- Native to: China
- Region: Yajiang County, Sichuan
- Native speakers: (2,685 cited 1995)
- Language family: mixed Mandarin–Tibetan^{[which?]}

Language codes
- ISO 639-3: None (mis)
- Glottolog: daoh1239

= Dao language (China) =

Chinese–Tibetan mixed language of Southwest China

The Dao language or Daohua (倒话 (dàohuà, inverted language)) is a Chinese–Tibetan mixed language or creolized language of Yajiang County, Sichuan, China.
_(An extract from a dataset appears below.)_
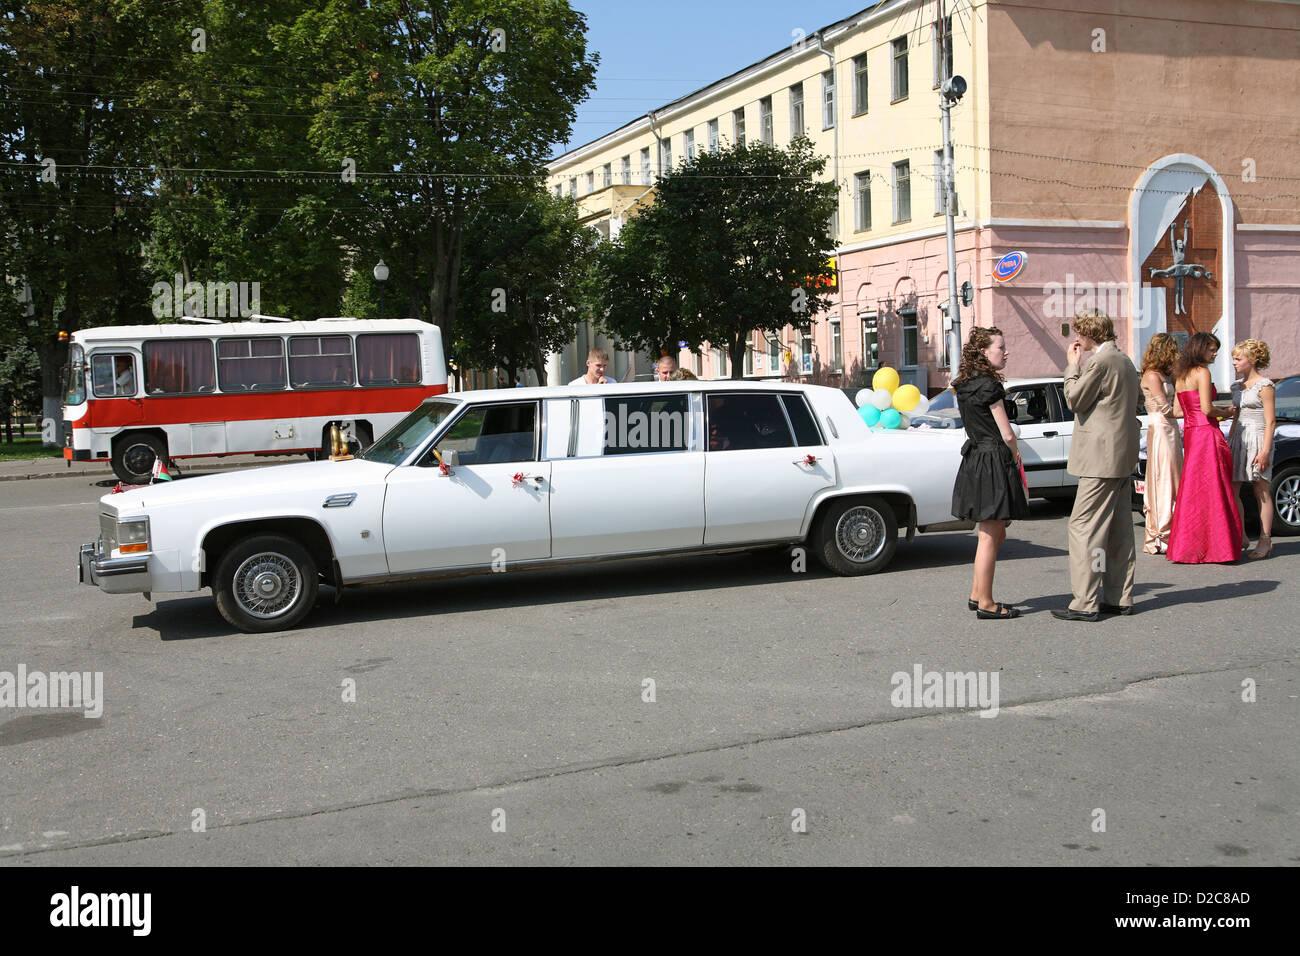 Gomel, Belarus, Hochzeitsgaeste with a rented limousine - Stock Image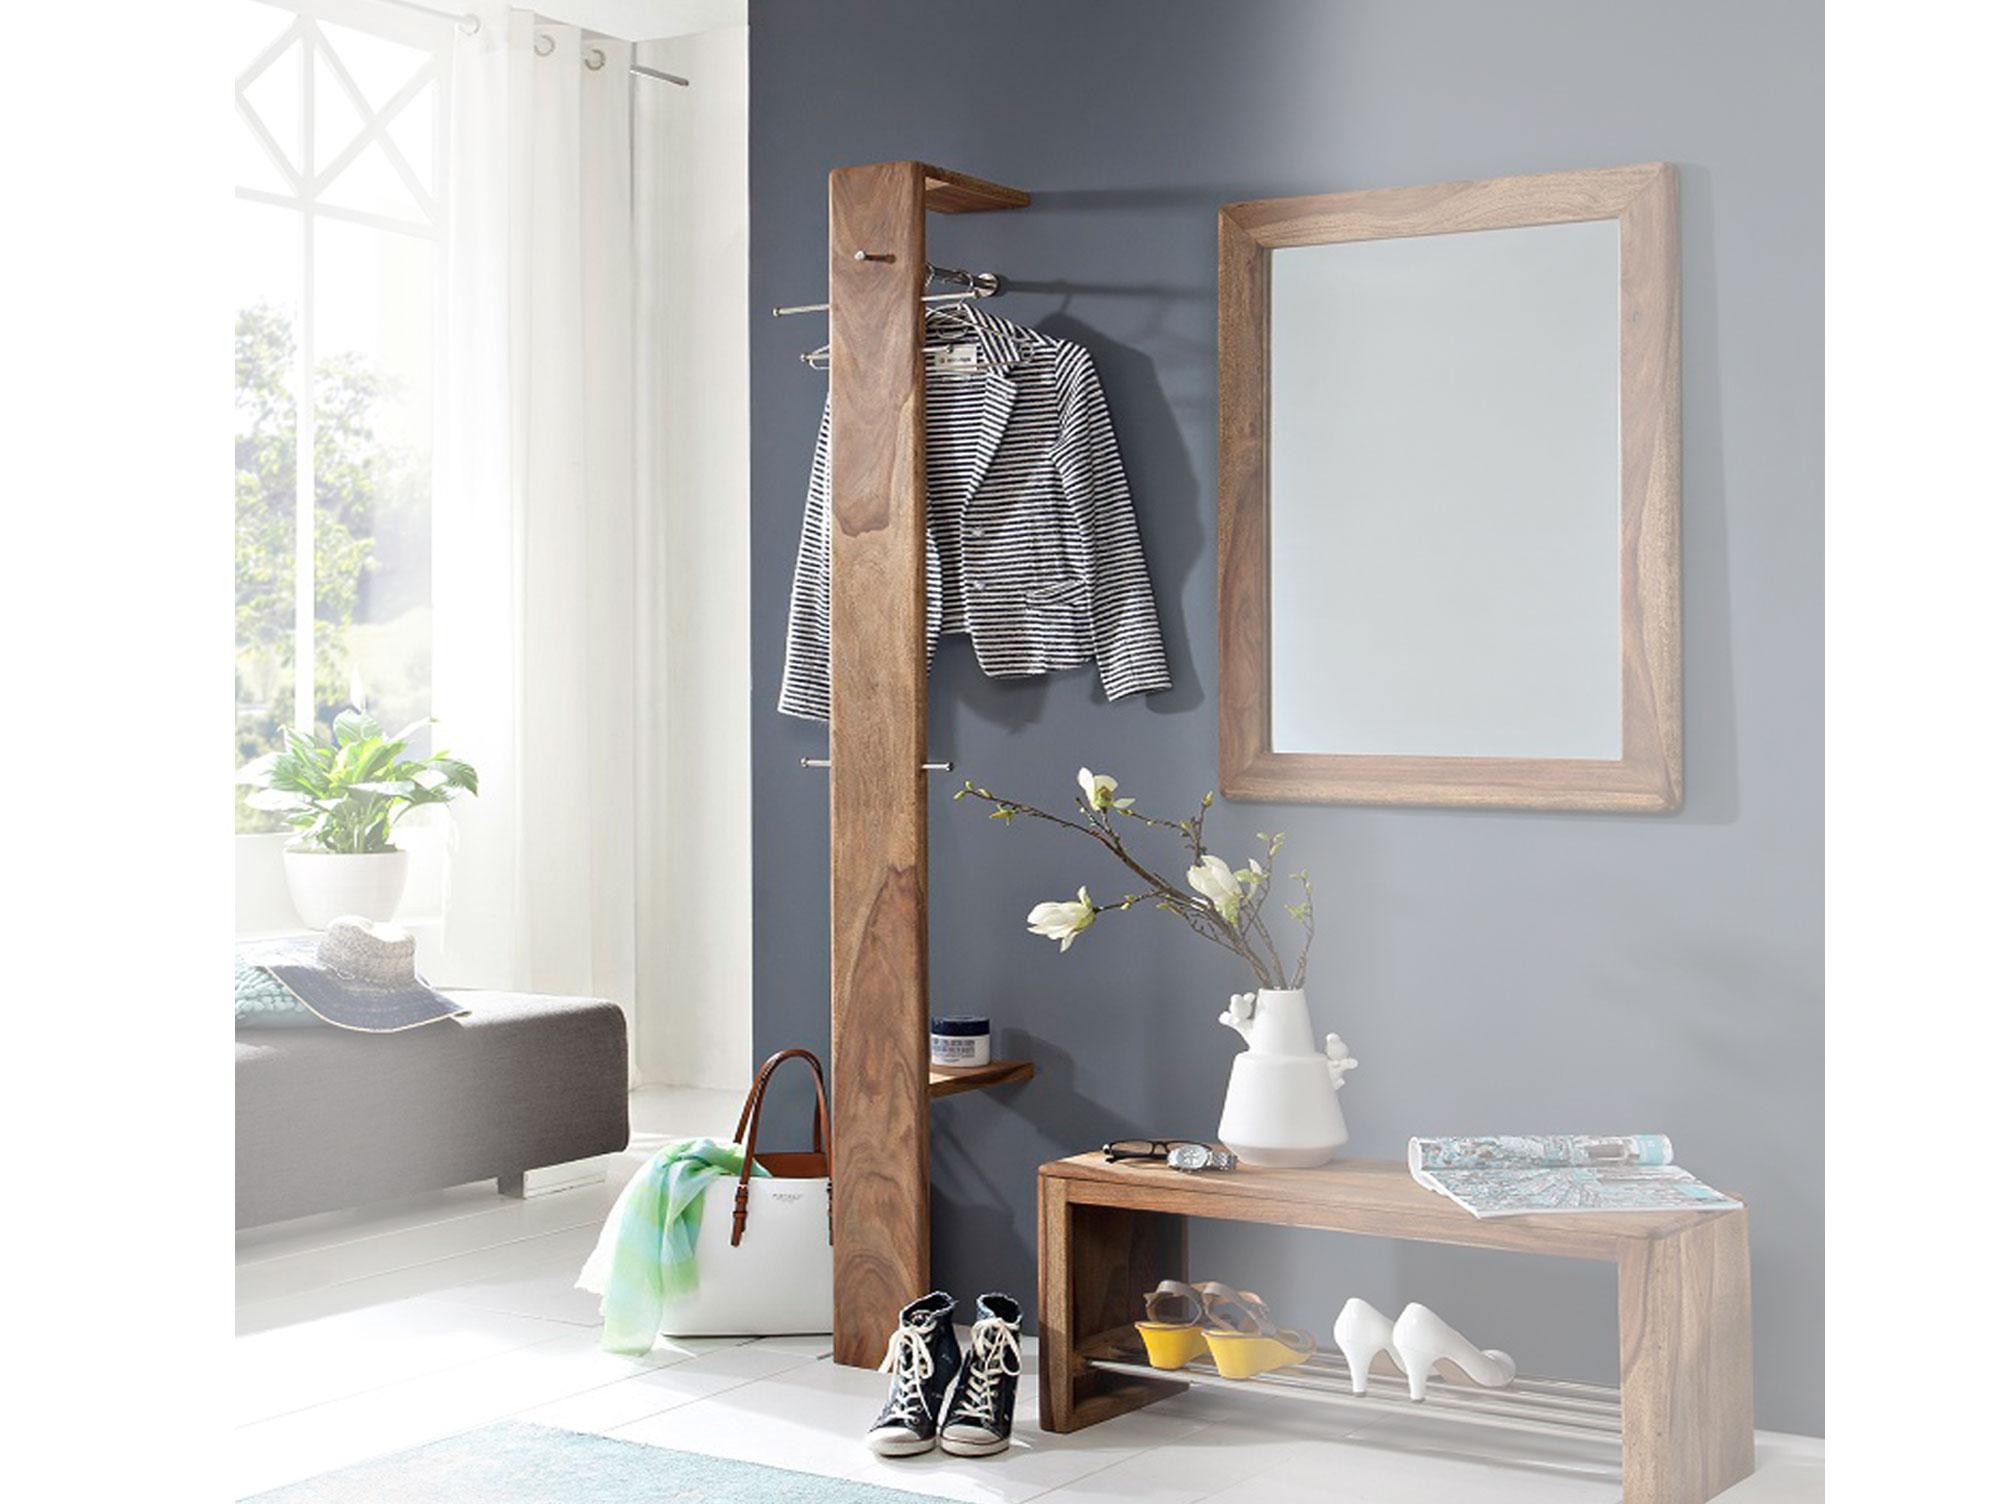 nils wandgarderobe sheesham gebeizt. Black Bedroom Furniture Sets. Home Design Ideas

Word order is SOV as in Tibetan (Yeshes Vodgsal Atshogs 2004:6), while the lexicon consists of words derived from both Chinese and Tibetan.

==Distribution==
Yeshes Vodgsal Atshogs (2004:6) reports that Dao is spoken in the following townships of Yajiang County, Sichuan, China. Within these administrative townships, Dao is spoken in 8 villages, comprising a total of 504 households and 2,685 individuals as of 1995.
- Hekou town 河口镇 (including Mazishi village 麻子石村)
- Bajiaolou township 八角楼乡
- Xiala township 呷拉乡

Choyo, a Qiangic language, is spoken just to the north of Dao, and is also spoken in Xiala township 呷拉乡.